Step 5：Compound e sloughs ester group in the presence of fluorination reagent, and wherein fluorination reagent is selected from potassium fluoride, tetrabutyl fluorine Change ammonium, silver fluoride, solvent for use be selected from tetrahydrofuran, pyridine, dichloromethane, ethyl acetate, acetonitrile, toluene, dimethyl sulfoxide (DMSO), One kind or any two kinds of combinations in methyl alcohol and ethanol；

Step 6：The product that step 5 is obtained uses alkali process again, obtains end-product, alkali be selected from potassium carbonate, sodium carbonate, cesium carbonate, Lithium carbonate, lithium hydroxide, NaOH, potassium hydroxide, cesium hydroxide, sodium methoxide, caustic alcohol.

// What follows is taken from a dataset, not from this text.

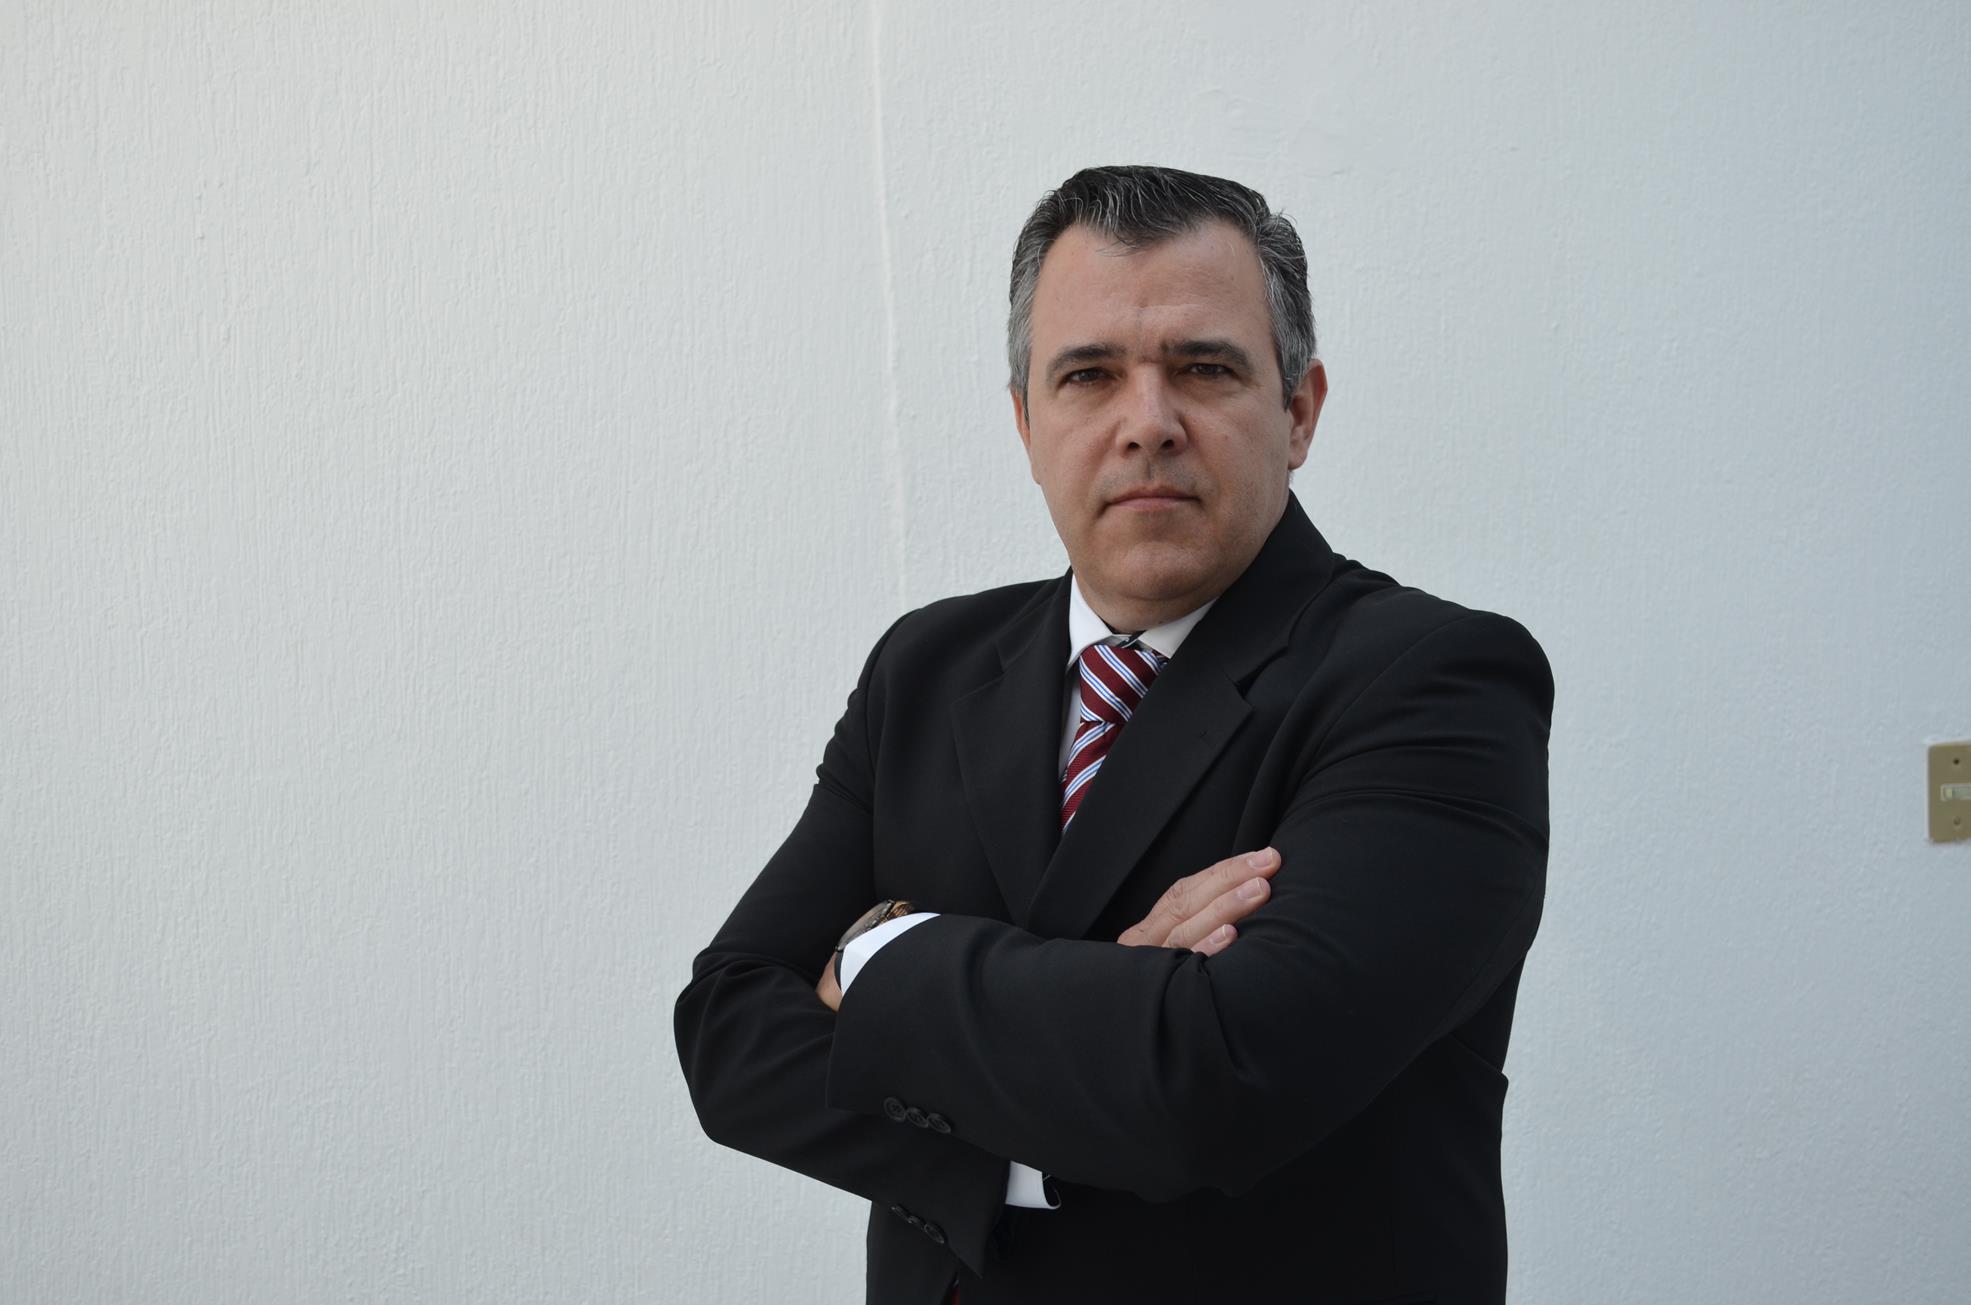 Dr. Luciano Da Silva

7. a kind of pharmaceutical composition, it is characterised in that comprising C20 epimerization salt described in claim any one of 1-5 Mycin and its derivative and its pharmaceutically acceptable salt and one or more optional pharmaceutically acceptable carrier or tax Shape agent.

8. C20 epimerization salinomycin described in any one of claim 1-5 and its derivative and its pharmaceutically acceptable The application of pharmaceutical composition described in salt and claim 7 in terms of prevention or/and tumor is prepared.

9. application according to claim 8, it is characterised in that described tumour include leukaemia, breast cancer, stomach cancer, colon cancer, Cancer of pancreas, cancer of the esophagus, glioma, liver cancer, carcinoma of urinary bladder, prostate cancer and lung cancer.